As usual, we eventually ended up talking about the time before and after perestroika. Both Nikolai Vadimovich and the mayor of Oyondarnahk pointed out all the well-known problems which had arisen due to the fast change, but, both also noted, contrary to the normal opinions we´ve heard, that there were also plenty of positive aspects with the change. They even believed that there were more positive times coming up ahead. I told them, as I always do, about the general simplified image that we Swedes were fed regarding the times of the Soviet union, before the perestroika hit this vast land. I told them about a bleak, depressing picture of utterly serious people who were run by scrupulous dictator´s waving stone faced from the walls of the Kremlin. I told them about the deadly KGB and that we figured all Russians spent all days waiting in long queues to buy bread. And, it was almost impossible for a traveler to enter this vast land.
“One of the very positive aspects with perestroika…” , Nikolai Vadimovich continued; “…is the fact that borders are open for everybody to come.”
I told them about how difficult, how extremely costly and time-consuming it had been for us to be able to get the privilege to travel the Kolyma. Whether it is post-perestroika or not.
“Well”, Nikolai Vadimovich said; “Even though perestroika took place years ago, it still hasn´t arrived fully to Srednekolymsk.”

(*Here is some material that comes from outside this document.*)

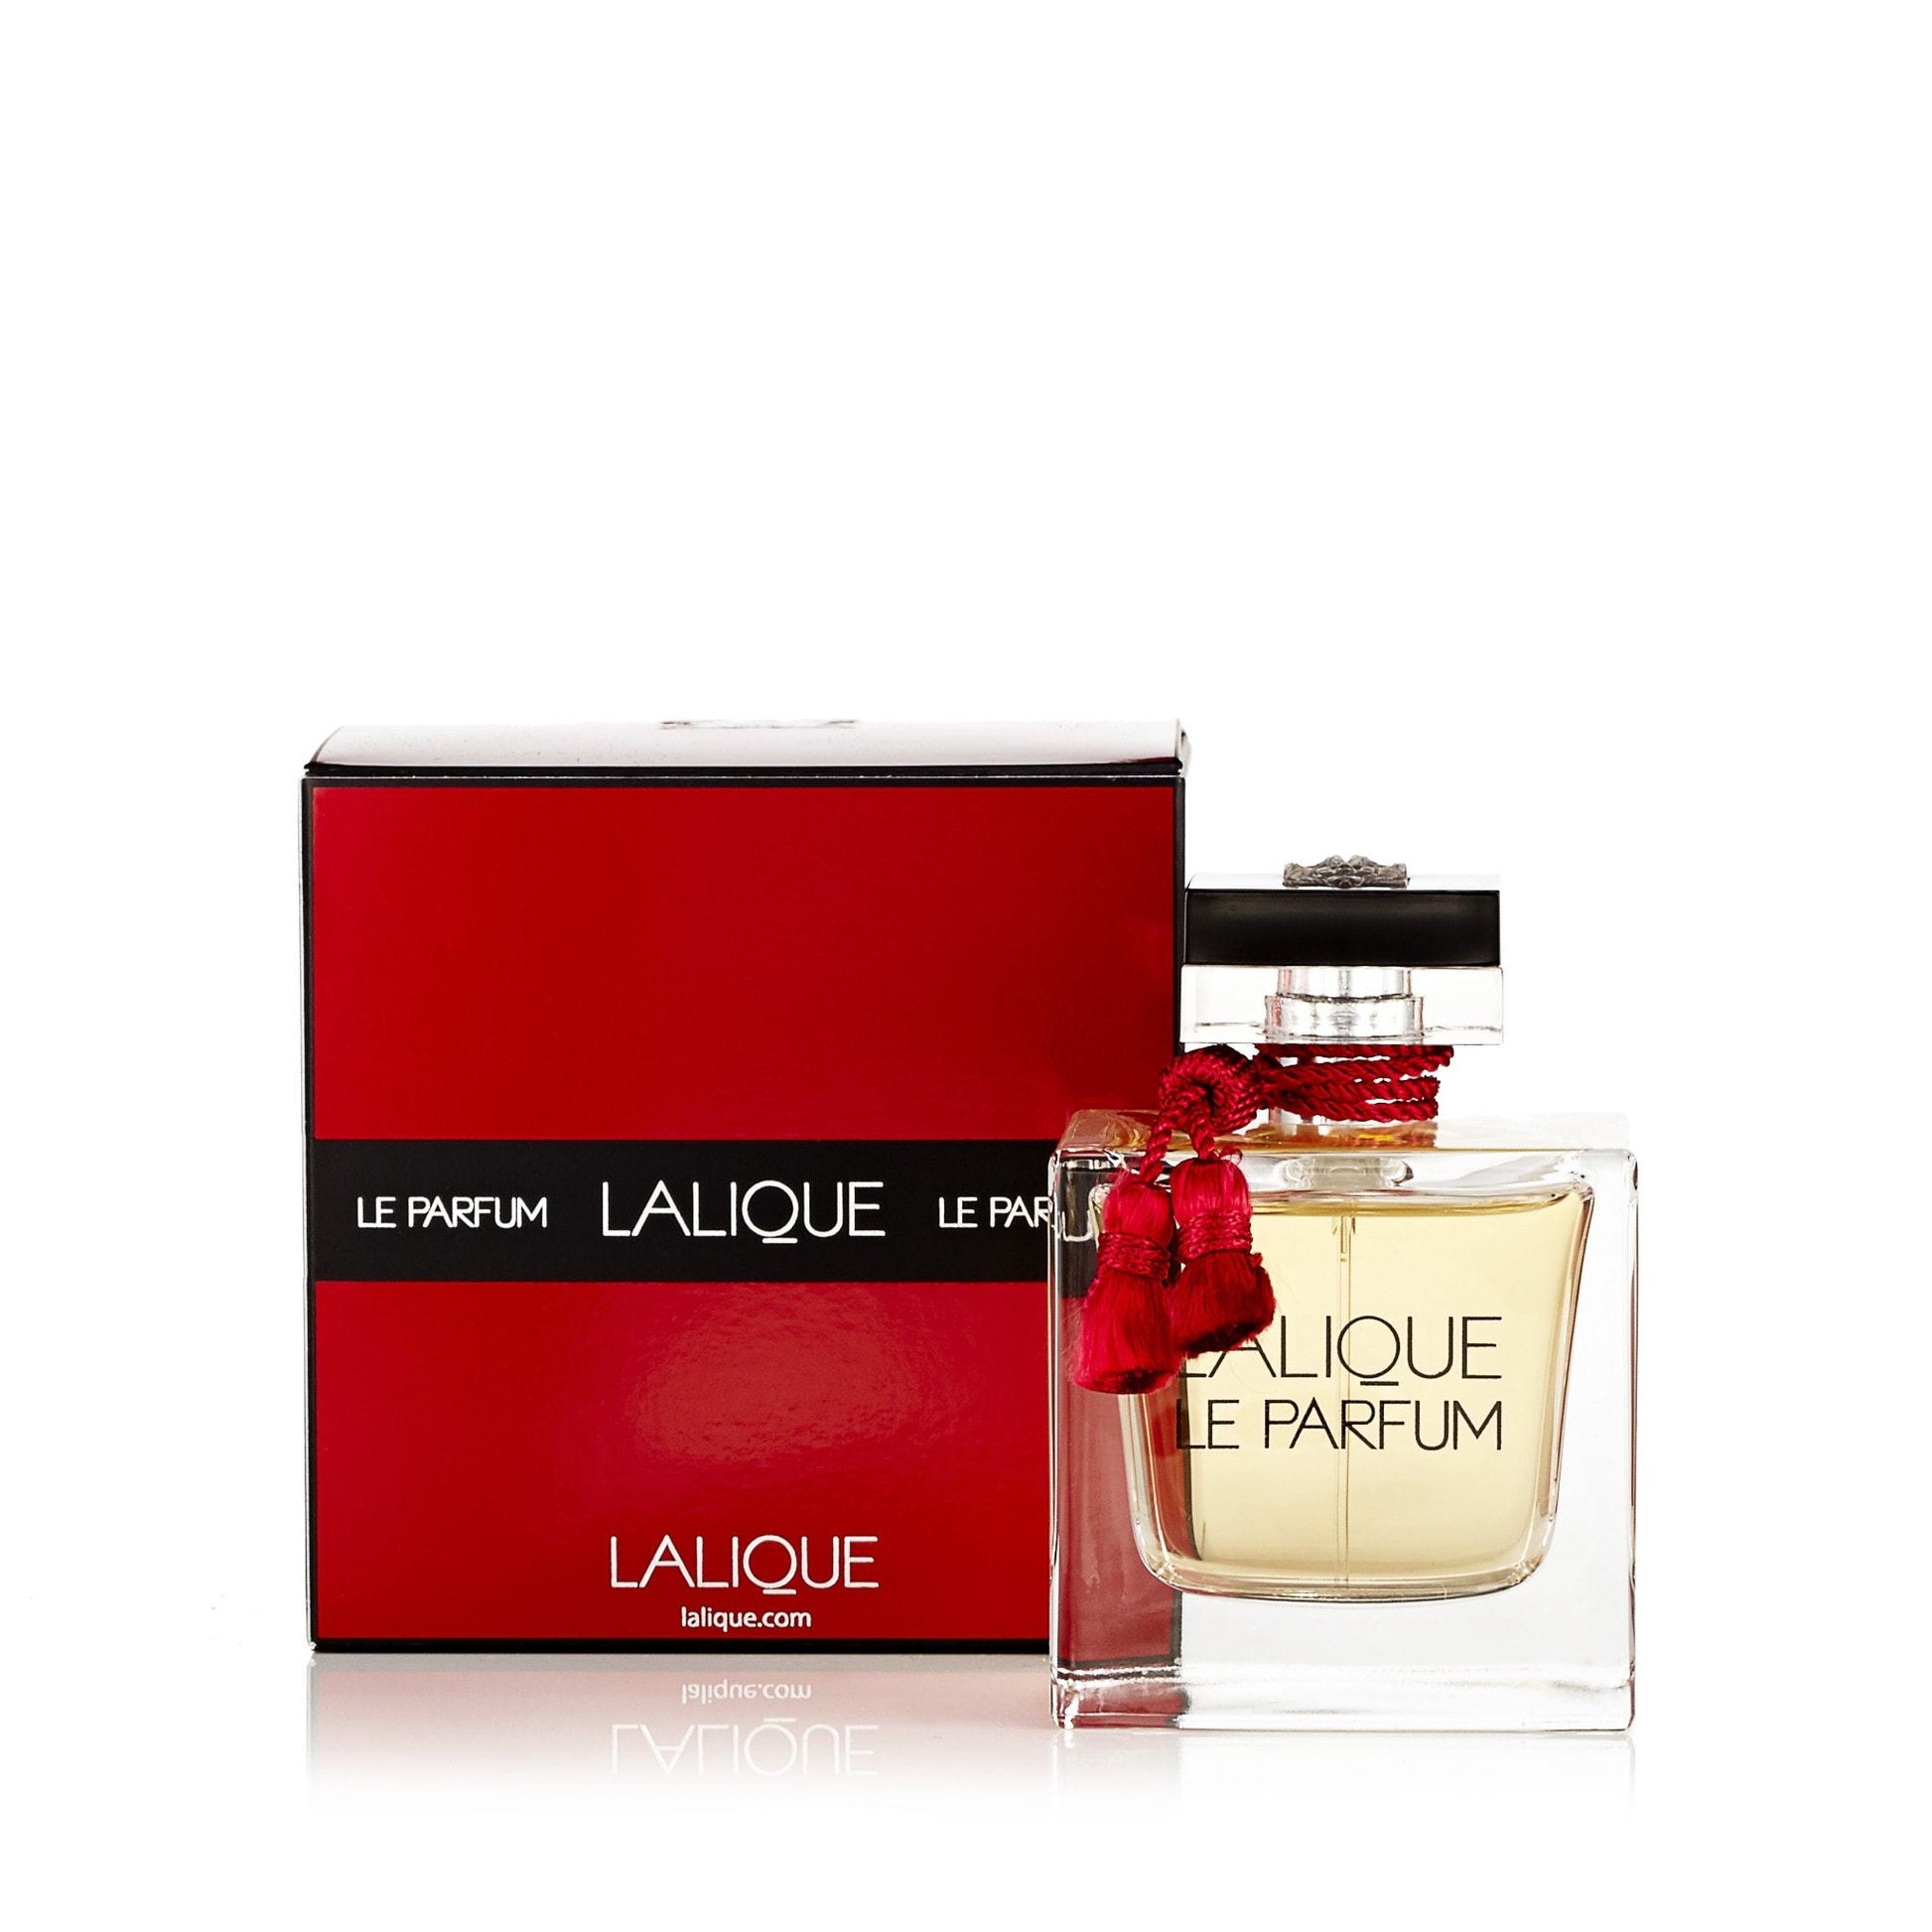 La Parfum Eau de Parfum Spray for Women by Lalique, Product image 2

“But, what about the KGB during the Soviet Era here in Srednekolymsk” , I asked, “Did they track down, harass and imprison non-believers, did they use snitches and did they turn up at peoples doors in the middle of the night, taking them away and were people terrified to death by their presence?”
“You must have read that in a book” , they both answered at the same time; “It wasn´t like that at all. A state needs a security police, there´s no doubt about that. This applies to all countries. And regarding the KGB in Srednekolymsk, they did exist, but you never saw them. At times a KGB officer from Moscow came for a visit, checked things for a few days and than left. That´s it.”
They told my exactly the same things that I was told in Zyryanka. A bit of a disappointment, of course, after having read an enormous amount of exiting books and seen a number of thrillers from Hollywood which has involved the most dangerous of KGB-agents! Seriously, my opinion is that it was people in the big cities in the west, which suffered the most of all the negative aspects which came with the Soviet Era. Total control, the great worry about spies, the danger for people with different opinions and the internal narrow-mindedness. This is probably also the reason why so many along the Kolyma talk so positively about the Soviet era.
“But, it´s definitely very nice to meet people from other countries” , Nikolai Vadimovich laughed; “You´re not like we thought either!”
Excellent blog – thanks for these insights, Mikael!
Great insight, Mikael! Indeed, nobody said there were innocent captives in camps, at least, openly. Everything was revealed with perestroika and Mr. Gorbachev, who celebrated his 80th anniversary a couple of days ago.